Suboptimal responses were observed in 42.8% (107 out of 250) patients treated with either mepolizumab or reslizumab. Daily prednisone requirement, sinus disease and late-onset asthma diagnoses were the strongest predictors of suboptimal response. Asthma worsened in 13.6% (34 out of 250) of these patients. The majority (79%) of them were prednisone-dependent. Presence of sputum anti-eosinophil peroxidase immunoglobulin (Ig)G was a predictor of suboptimal response to an anti-IL-5 mAb. An increase in sputum C3c (marker of complement activation) and deposition of C1q-bound/IL-5-bound IgG were observed in the sputa of those patients who worsened on therapy, suggesting an underlying autoimmune-mediated pathology.

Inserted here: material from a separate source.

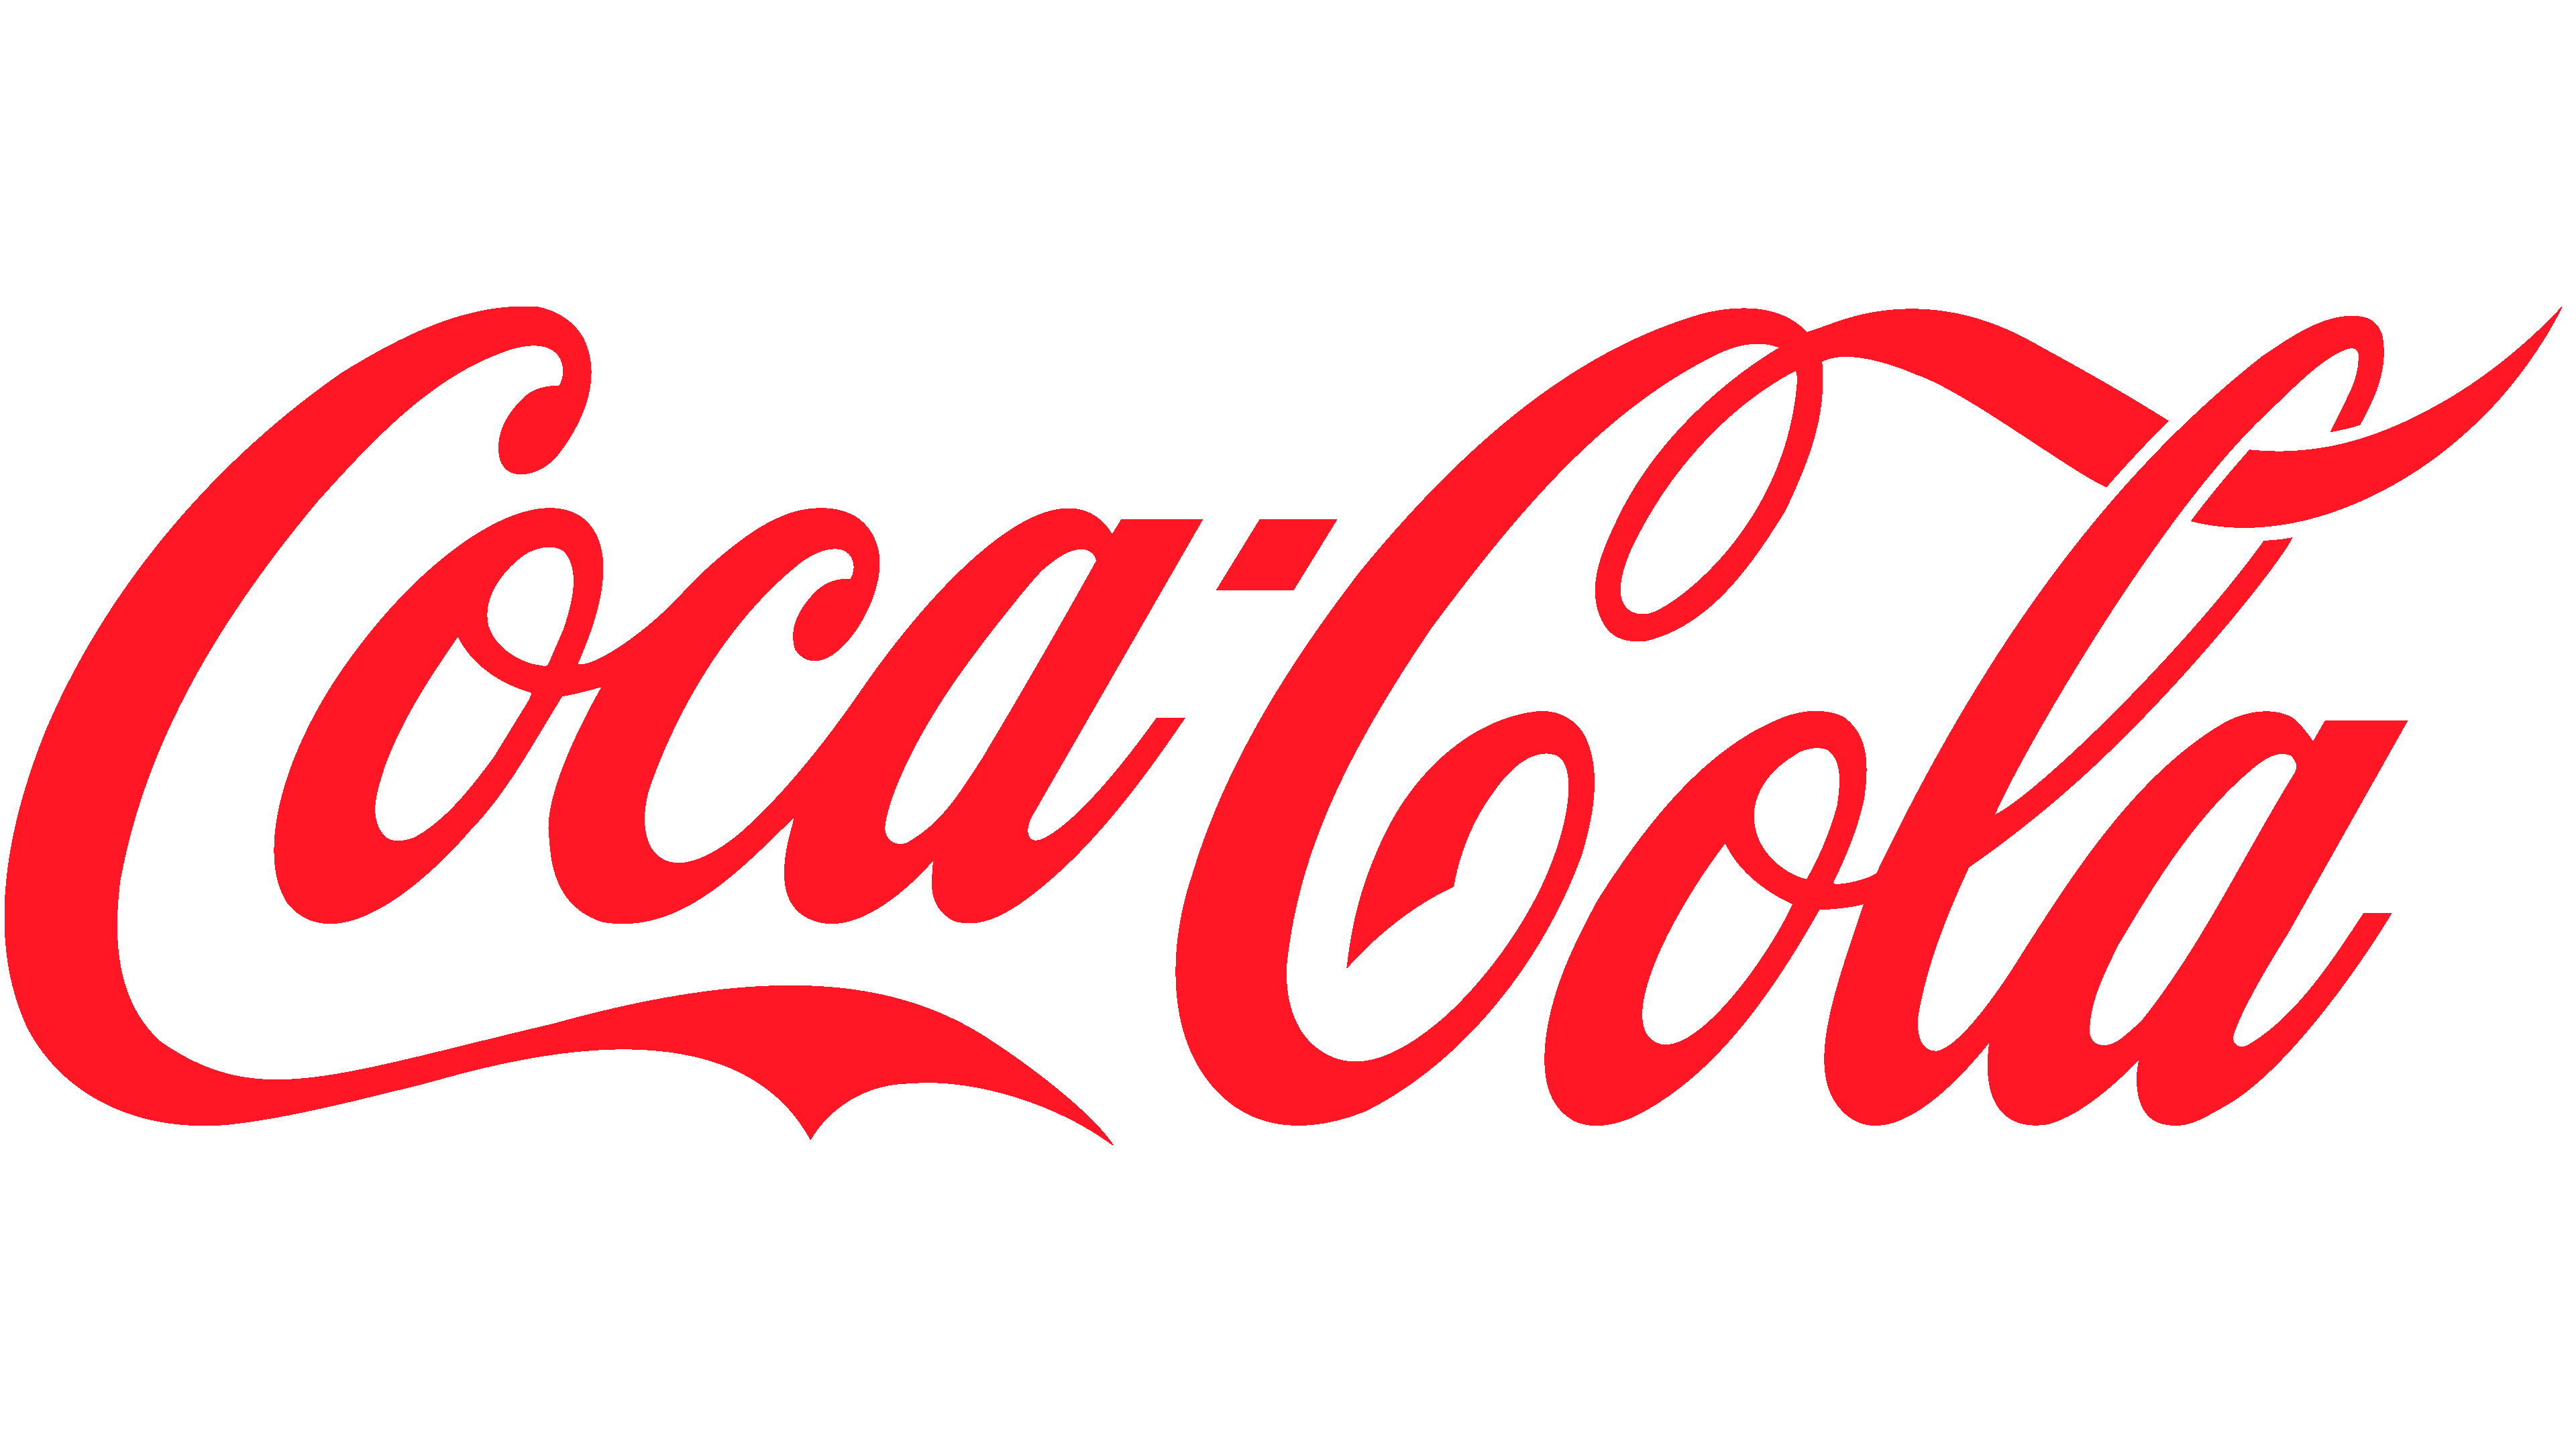 Coca Cola Logo PNG Clipart

A significant number of patients who meet currently approved indications for anti-IL5 mAbs show suboptimal response to them in real-life clinical practice, particularly if they are on high doses of prednisone. Monitoring blood eosinophil count is not helpful to identify these patients. The concern of worsening of symptoms associated with immune-complex mediated complement activation in a small proportion of these patients highlights the relevance of recognising airway autoimmune phenomena and this requires further evaluation.
在临床试验中,两种被批准用于治疗重度嗜酸性粒细胞性哮喘的抗白细胞介素(IL)-5单克隆抗体(mAb:美泊利单抗和瑞利珠单抗)可使病情加重次数减少约50 - 60%。
观察在实际临床环境中对抗IL-5 mAb的反应,并评估反应欠佳的预测因素。
在加拿大的四个学术中心,前瞻性收集了250例特征明确的中重度哮喘患者的预定义临床终点指标,以评估对这两种抗IL-5 mAb的反应。除痰液/血液嗜酸性粒细胞持续存在外,若未能降低维持性皮质类固醇(MCS)或哮喘症状评分(哮喘控制问卷(ACQ))或病情加重次数,则判定为反应欠佳。根据肺功能下降25%或MCS/ACQ升高来评估反应欠佳者的病情恶化情况。对39例患者的代表性亚组进行了痰液中炎症介质、自身抗体和补体激活情况(通过酶联免疫吸附测定(ELISA))的评估,以及通过对福尔马林固定石蜡包埋的痰液栓子进行免疫染色来评估免疫复合物沉积情况。
接受美泊利单抗或瑞利珠单抗治疗的患者中,42.8%(250例中的107例)出现反应欠佳。每日泼尼松需求量、鼻窦疾病和迟发性哮喘诊断是反应欠佳的最强预测因素。这些患者中有13.6%(250例中的34例)哮喘病情恶化。其中大多数(79%)依赖泼尼松。痰液中抗嗜酸性粒细胞过氧化物酶免疫球蛋白(Ig)G的存在是对抗IL-5 mAb反应欠佳的一个预测因素。在治疗中病情恶化的患者痰液中观察到痰液C3c升高(补体激活标志物)以及C1q结合/IL-5结合IgG的沉积,提示存在潜在的自身免疫介导的病理过程。
在实际临床实践中,大量符合目前抗IL-5 mAb批准适应证的患者对其反应欠佳,尤其是那些正在使用高剂量泼尼松的患者。监测血液嗜酸性粒细胞计数对识别这些患者并无帮助。一小部分此类患者中与免疫复合物介导的补体激活相关的症状恶化问题凸显了识别气道自身免疫现象的重要性,这需要进一步评估。